距我上次给你写信已经过去了很久,快两年了,但我知道你会原谅我的。因为你了解我是多么的固执和现实,所以我觉得写信完全没有意义。

But now I know my darling wife that it is right to do what I have delayed in doing, and that I have done so much in the past.
但现在我明白了,我一直迟迟不做的事情其实才是正确的事,而且在过去我已经做了很多。

I want to tell you that I love you. I want to love you. I always will love you.
我想告诉你我爱你。我想爱你。我一直爱你。

I find it hard to understand in my mind what it means to love you after you are dead—but I still want to comfort and take care of you—and I want you to love me and care for me.
我很难理解在你死后爱你有何意义,但我仍想安抚你,照顾你,我也想让你爱我,照顾我。

I want to have problems to discuss with you—I want to do little projects with you.
我想和你讨论问题,我想和你一起做课题。

I never thought until just now that we can do that. What should we do.
直到现在我才想到我们可以做这些,我们本该一起做的。

We started to learn to make clothes together—or learn Chinese—or getting a movie projector.
我们开始一起学做衣服,学汉语,或者去买个电影放映机。

Can't I do something now? No. I am alone without you and you were the “idea-woman” and general instigator of all our wild adventures.
现在我自己不能做吗?不能,没有你我孤身一人。你是出点子的那个人,是我们所有疯狂冒险的发起者。
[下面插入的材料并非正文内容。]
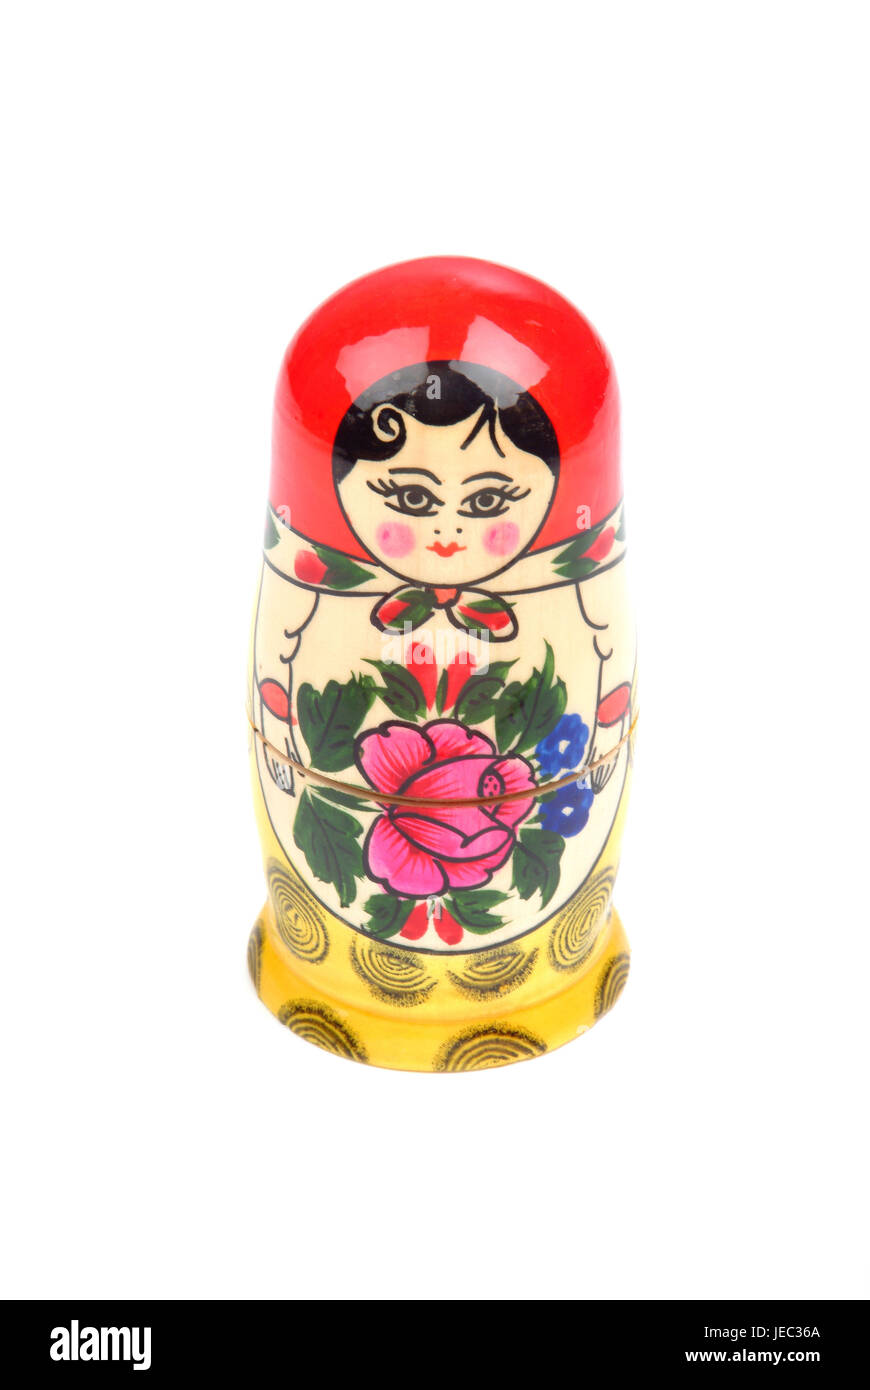 6× Matroschka Babuschka Matrjoschka Matruschka Matroyshka Holz Puppe 6 Tier 
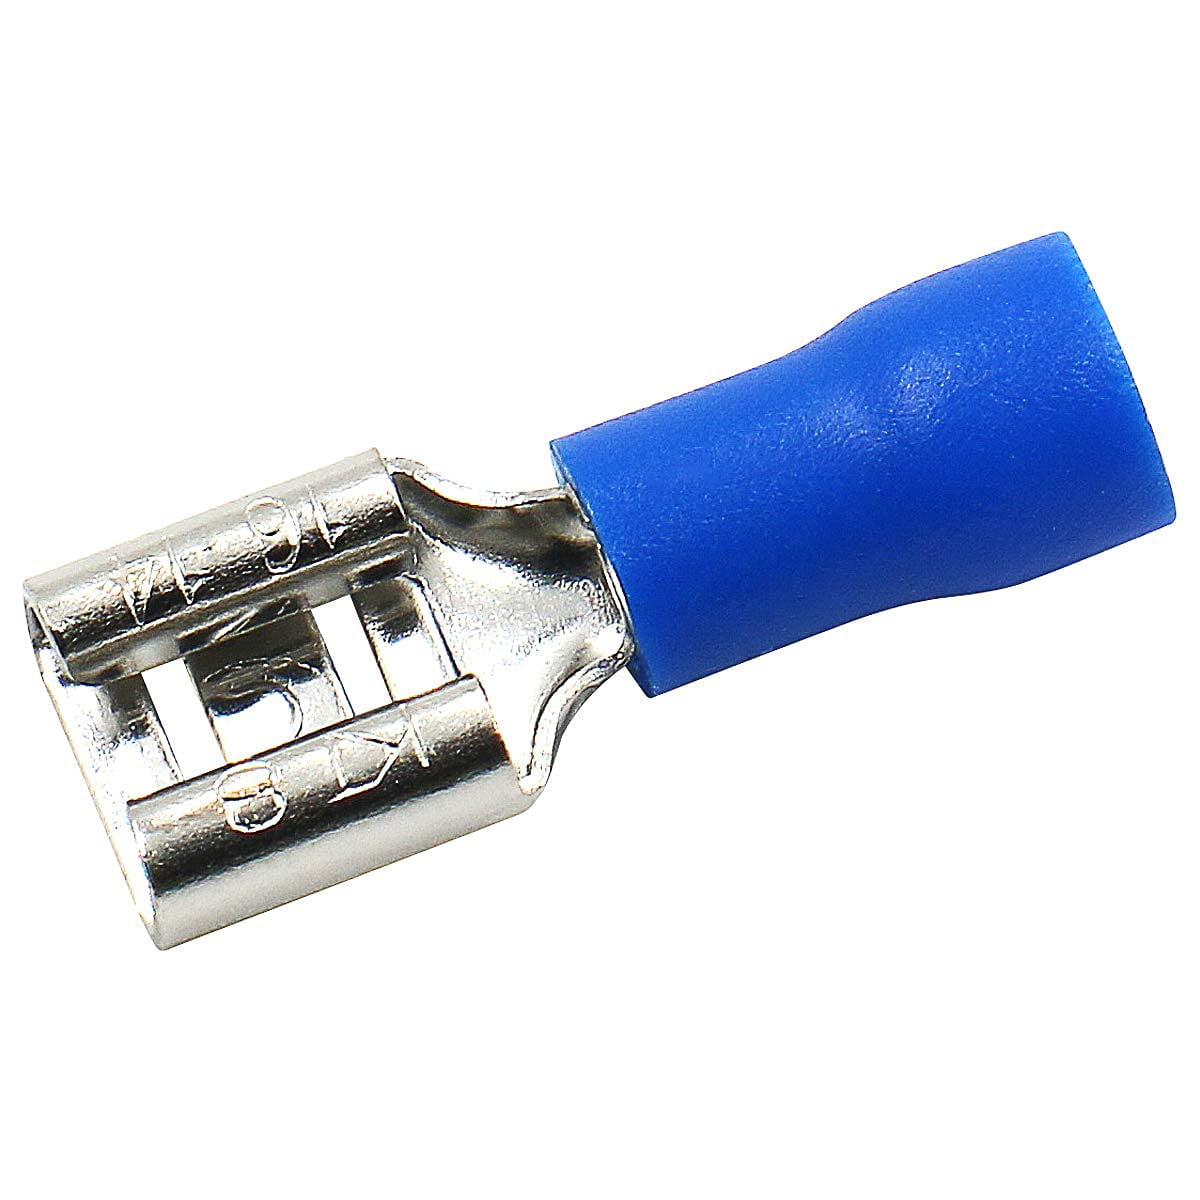 50 x Blue 6.3mm Female Insulated Crimp Spade Connector

When you were sick you worried because you could not give me something that you wanted to and thought I needed.
你生病时,你很担心你不能给我我想要的,因为你觉得我需要。

You needn't have worried. Just as I told you then there was no real need because I loved you in so many ways so much. And now it is clearly even more true—you can give me nothing now yet I love you so that you stand in my way of loving anyone else—but I want you to stand there.
你不必担心。正如我曾经告诉过你,我没有什么需要,因为我爱你的方式有很多种。现在看来这再正确不过了,现在你无法给予我什么,但我依然爱你,爱到我无法再爱别人。我想让你站在这里。

You, dead, are so much better than anyone else alive.
虽然你已死去,却强于任何活着的人。

I know you will assure me that I am foolish and that you want me to have full happiness and don't want to be in my way.
你肯定会认为我很愚蠢,你希望我获得幸福,不想妨碍我。

I'll bet you are surprised that I don't even have a girlfriend (except you, sweetheart) after two years.
我打赌你会很惊讶两年后我还没有女朋友(除了你,亲爱的)。

But you can't help it, darling, nor can I—I don't understand it, for I have met many girls and very nice ones and I don't want to remain alone—but in two or three meetings they all seem ashes.
但你控制不了,亲爱的,我也不能。我不懂,我遇到过很多女孩,非常好的女孩,我也不想单身。但两三次见面后,却发现她们都是虚有其表。

You only are left to me. You are real.
我只有你。你是真实的。

My darling wife, I do adore you.
我亲爱的妻子,我爱你。

I love my wife. My wife is dead.
我爱我的妻子,我的妻子去世了。

Rich.
理查

PS: Please excuse my not mailing this—but I don't know your new address.
另外,请原谅这封信无法寄出,因为我不知道你的新地址。